Al termine della sua esistenza, nel 1942, nella lettera a padre Joseph-Marie
Perrin S.Weil riconosce che bisogna avere cura di se stessi, della propria
autobiografia spirituale e propone, quale opzione, una fede implicita, che
esclude l’adesione ad una confessione religiosa. Nessuna conversione può
sostituire l’esperienza mistica dell'obbedienza alla volontà che governa l'ordine
del mondo. Scrive “Sono comunque disposta ad obbedire sempre ai suoi ordini,
quali che siano”1 (p.35). Il contatto diretto con l’esperienza trascendente, che
precede la lettura dei mistici, così come la grazia e la misericordia precedono,
nel pensiero della Weil, la fede e il ringraziamento, si risolvono in un appello a
credere al mondo per percepire “la presenza di un amore analogo a quello che si
legge nel sorriso di un volto amato”(p.30). Si tratta di una mistica effusiva e si
espande al di là del cristianesimo e di ogni religione: “è lecito resistere a Dio se lo si
fa per pura amore della verità...ho sentito che Platone è un mistico, che tutta l'Iliade è
inondata di luce cristiana e che Dioniso e Osiride sono in certo modo il Cristo stesso; e il mio
amore ne è risultato raddoppiato” (p.31). La fede implicita è appartenenza di diritto e
1
S. Weil, Attesa di Dio, Mondolibri, Milano, 2009. Tutte le citazioni sono tratte da questa edizione.

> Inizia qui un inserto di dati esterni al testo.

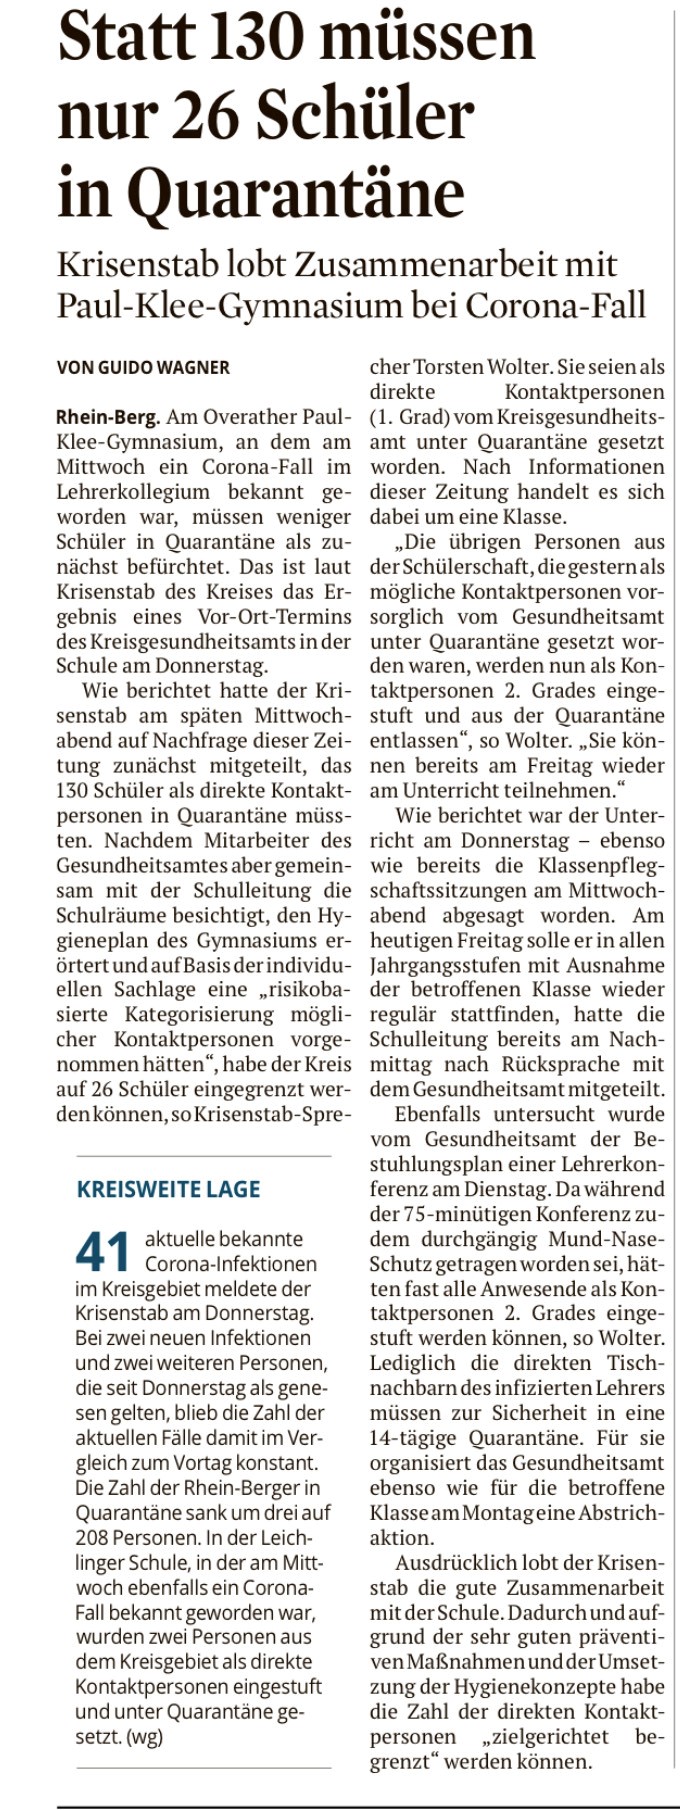 Presse-Artikel des Kölner Stadtanzeigers zum Corona-Fall – “Statt 130 müssen nur 26 Schüler in Quarantäne”

non di fatto, nel segno di una cattolicità da realizzare come inclusione di tutti i
popoli e tutte le civiltà (v. p.36) senza anatema verso nessuno (p.37). Il nuovo
pensiero della Weil sarà dunque incarnato, non urlato nelle piazze, perchè
conservi il duplice codice comunicativo della collettività e del colloquio
individuale. Secondo la Weil la perfezione di quello che chiama “l'amore di
Dio” è quella della luce che si diffonde. L'ascesa dell'anima si nutre dell'amore
per tutte le cose, eccetto il legame che la stringe alla casa terrena. E’necessario
per amare ed amarsi veramente, eliminare ogni attaccamento. Questo principio
di economia spirituale è anche una prospettiva di totalizzazione dell'amore:
“l'anima ha solamente una volontà ed essa, se si lascia intralciare e si impiega in qualcosa,
non resta libera, integra e pura come si richiede per la trasformazione divina” (pp. 97-98).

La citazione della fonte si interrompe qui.